Мне больно смотреть на нее такую. Настолько больно, что эта боль не помещается во мне и застывает слезами на глазах. Я надавил на них пальцами, чтобы затолкать их обратно.

На моих глазах Джексона посадили в машину и увезли в сопровождении еще двух полицейских машин. Теперь я с уверенностью могу сказать, что избавился от помехи на своей дороге, которая мешала нашему с Алисой счастью. Оно на свободе и теперь будет питать нас со всей своей силой. Его больше не окружают страхи, муки и терзания.

Глава сорок пятая

Алиса

Месяц спустя…

Открывать глаза и осознавать, что мне больше никто и ничто не угрожает — наивысшая степень удовольствия. Вот уже месяц я не могу привыкнуть и свыкнуться с мыслью, что нам с Уильямом больше никто не мешает. Мы можем спокойно жить и не думать о завтрашнем дне так, словно его у нас не будет. Отступили страхи, проблемы, отчаяние. Находясь рядом с Уилом мне даже иногда кажется, что страшных дней вовсе не было. Просто я когда-то спала очень долго и пребывала в кошмарном сне. Настолько я счастлива рядом с ним, что все пугающие и терзающие года быстро сгладились в моем сознании.

Первую неделю я еще побаивалась. Я смотрела на себя в зеркало и видела все последствия похищения. На щеке чернел синяк, что делал меня не привлекательной от слова совсем. Голова перебинтована. Щека вся в ссадинах, на животе бордовое пятно, как гематома. Я смотрела на себя и возвращалась в тот страшный момент, когда уже свыклась с холодеющий мыслей, что от Джексона мне никогда не избавиться. Я смотрела на себя и начинала плакать, не в силах вернуться в успокаивающую меня реальность, где Джексона больше нет.

Уильям бережно отводил меня от зеркала и начинал заново уверять в том, что все позади, а все остальное, что на мне осталось, это лишь дело времени. Уильям направлял мои мысли в другое русло, в настоящее время, где мы счастливы. Он начинал мягко целовать меня, говорить о нашей новой жизни, заставлял смеяться, говорил, как я красива. Он владел талантом убеждения или это просто я настолько зависима от него, что все делаю так, как он желает.

Спустя еще две недели я начала просыпаться с улыбкой, а в зеркало смотрела уже не с отвращением и слезами. Теперь я даже сама была в состоянии смазывать оставшиеся ссадины и синяки кремом, не утруждая этим делом Виви.

Она всегда была рядом со мной, пока Уильям находился на работе и посвящал свои дни на расследование дела Джексона, чтобы для него устроили суд как можно скорее. Уильям уверял меня, что мне нечего бояться, поскольку Джексону уже не спастись от натиска закона.
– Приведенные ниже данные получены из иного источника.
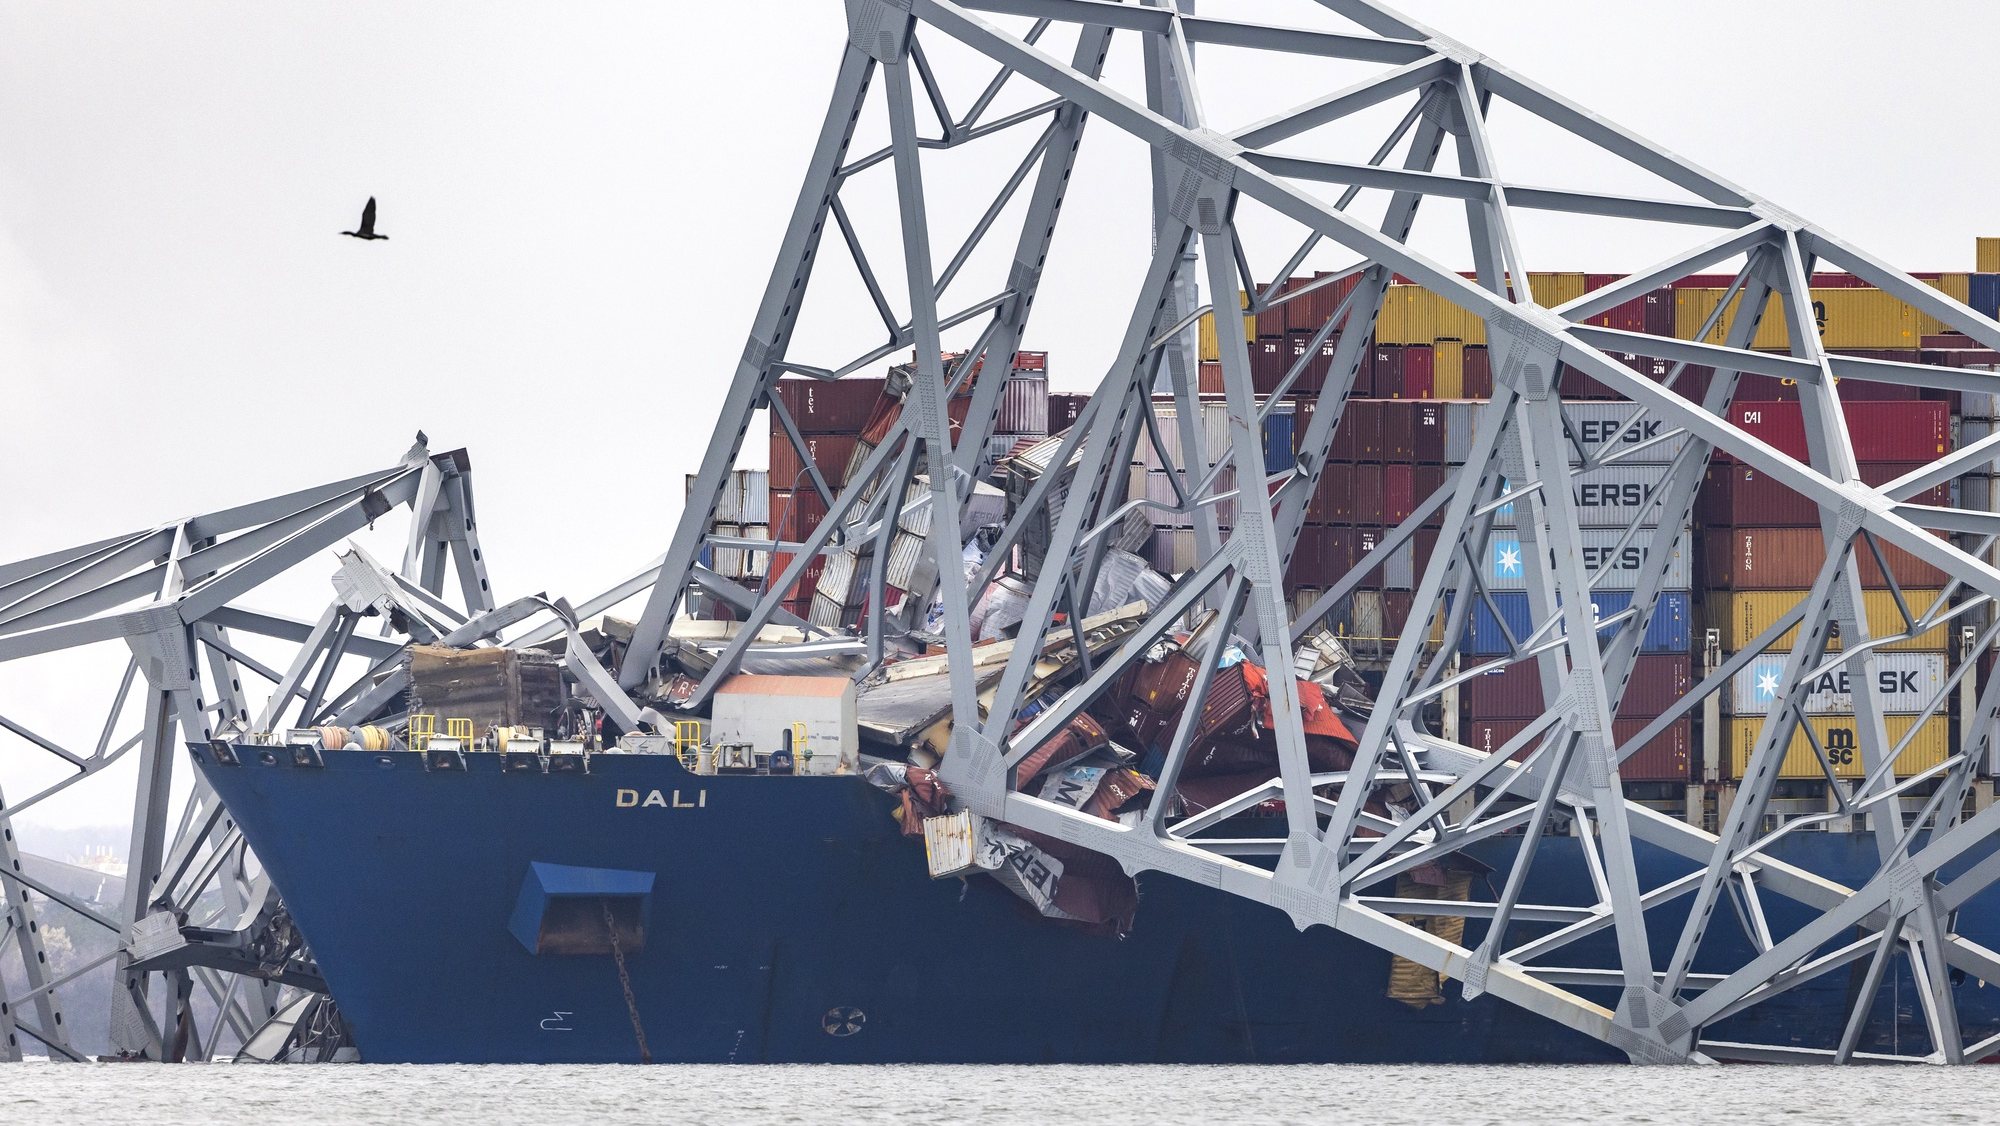 epa11246903 Wreckage from the Francis Scott Key Bridge remains on top of the 984-foot cargo ship Dali after the vessel lost power and collided with the 51-year-old bridge in Baltimore, Maryland, USA, 27 March 2024. The Francis Scott Key Bridge collapsed due to a ship strike on 26 March 2024. Two people were rescued, while at least six others, all members of a construction crew working on the bridge at the time of the incident according to authorities, were still missing. Divers are working to recover the bodies of the six missing construction workers, who are now presumed dead, the US Coast Guard said.  EPA/JIM LO SCALZO

Против него дали показания все: Каролина — журналист из Нью-Йорка, доктор Адан, который, к сожалению, тоже будет проводить свое наказание под стражей, при этом справляясь со смертью своей дочери.

Меган серьезно оступилась, когда не смогла получить ответную любовь от Уила. Осознание, что Уильям никогда не ответит на ее чувства, буквально уничтожило ее всю — здравый рассудок, доброе сердце, внутренний голос совести, вывернула наизнанку всю горящую в муках душу. От захлестнувшегося отчаяния она совершила большую ошибку, рассказав Джексону о моем местоположении. Меган захотела все исправить, когда голос разума все же снес ее желание отомстить Уильяму за себя и отца, которого он посадил за решетку. Поэтому она пришла, чтобы спасти меня. Но вот только Джексон совершенно беспощадный, а она, увы, об этом не знала.

Мне до глубины души и до боли в сердце жаль доктора Адана, который сейчас потерял весь смысл своей жизни. Дело, к которому он горел, оказалась деятельностью, которая убивала людей, а его дочь потерялась в чувствах, которые свели ее с ума, поскольку она не справилась с жестокой стороной любви и она, в свою очередь, подвела ее к гибели.

Уильям, по просьбе доктора, устроил церемонию похорон, хотя до сих пор был очень зол на нее. Но он не смог проигнорировать последнюю волю доктора Адана, которую он озвучил на заседании суда. Я надеюсь, что со временем он сможет простить ее роковую ошибку. Так же, как и я.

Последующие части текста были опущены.